With the amazing amount of medical knowledge available, no doctor can possibly retain all that information and do the correlation, the filtering and the matching of cause and effect relationships, Brophy observed.

Technology is the key to piecing it all together.

"The only way to integrate all the medical specialties into one area is by using computer technology," Robertson said. "But you have to take it one step further. You can't just make it a library of research because those already exist. You have to have a program that can give you exceptions and think for you."

NxOpinion software analyzes information supplied by the physician — such as symptoms, test or imaging results, and patient history — and provides practitioners with feedback by leading them through a series of questions and offering suggestions. The diagnosis is refined with each additional finding.

Some of the basic software framework is already complete and has gone through acceptance tests. Marketing prototypes are also in place. The goal is to have both the database and software ready to go by Oct. 22.

In late October, NxOpinion will be in use at different pilot sites in South Africa, India, Uruguay and the Dominican Republic, Robertson said. Later this year more pilot participants will come on board through an organization that places volunteer doctors in Africa.

Toward the end of the year, the team will collect feedback from physicians at pilot locations and use it to refine the software.

"We see the need for specific content management — meaning physicians constantly feeding us new data," Robertson said. "That will come from South Africa, South America, India, China, Australia and the United States."

Brophy said the early pilot will last about three months and will segue into a second pilot six months later. In 2004 the group will launch the next stage of development, adding refinements and some of the more sophisticated features.

"It's going to be a multi-year effort for the software to mature to its full level of sophistication. With software this potentially far-reaching and sophisticated, we want to make sure we do it in an incremental, very controlled, disciplined manner," Brophy said. "We'll keep refining the approach."

Robertson anticipates that by September 2004 the software will have incorporated 80 percent of the data on all known diseases and will be available for lease in English-speaking markets. He said his nonprofit might just decide to give the software to urban hospitals, too, and only charge them a subscription fee for maintenance.

There are some challenges ahead, including sustained long-term funding, product distribution and evolution of the content database.

"How do you manage so much content?
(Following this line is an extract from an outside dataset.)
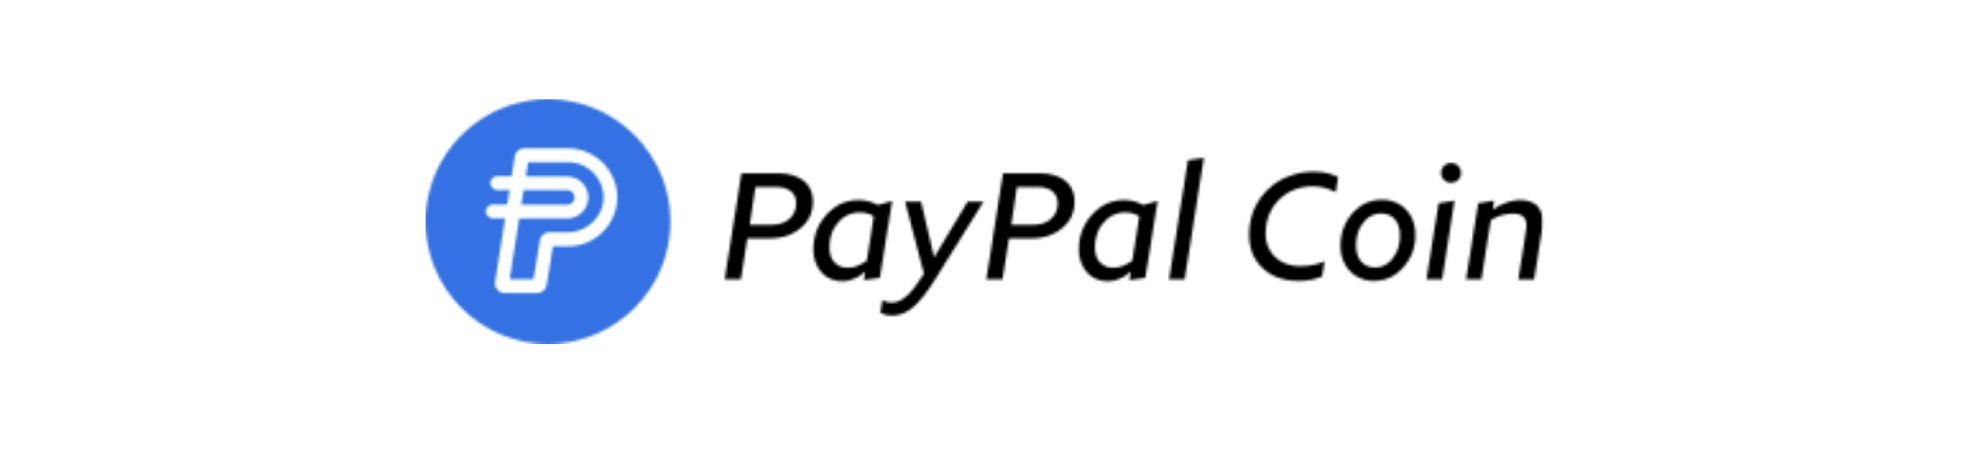 Возможный вариант криптовалюты PayPal

That's the staggering part," Robertson observed. "Writing a program is one thing, but being able to manage the content on time, instantly, around the world, with constant updates and proven research — that's a huge task.
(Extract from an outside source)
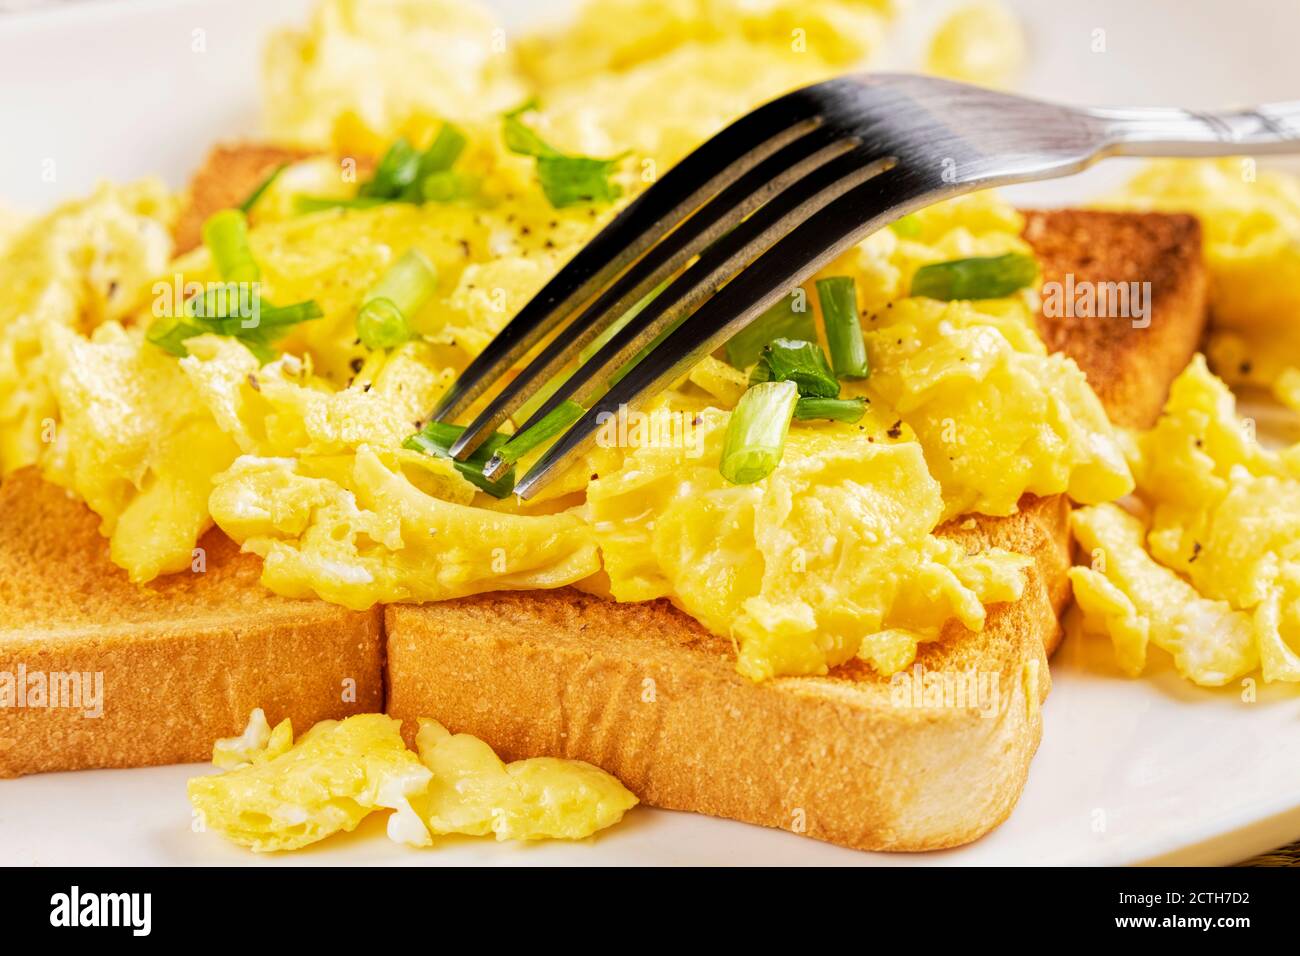 Una deliziosa colazione a base di uova strapazzate e pane tostato con copia spazio Foto Stock

"That's where Grand Rapids comes in. We see the sophistication of technology and medicine that exists in West Michigan that can work globally. There's a global mentality that exists in West Michigan. Those are all things that are very key and why we looked at locating here. There's no question that the vision and the talent lie in West Michigan."

Robertson pointed out that the partners have technology that Microsoft doesn't even have right now. Some of the technology they've developed can be used in many other disciplines, so it could be sold to help support the nonprofit initiative.

"The artificial intelligence inference engine has never been developed at this platform before. We patent and copyright that and it's a great way to support this venture," he added.

Brophy said he was attracted to the partnership because his company's own mission is to change the world through software.

"In the world of Microsoft technology, we have some of the top experts in the nation. We see a lot of opportunity in the whole life sciences sector. It's a natural fit for Sagestone."

Robertson estimates the initiative has already pumped about $4 million into the Grand Rapids economy and about $1 million into the Saginaw economy in software development alone.

He anticipates the project will inject $30 million into the West Michigan economy, predominantly Grand Rapids, over the next five years.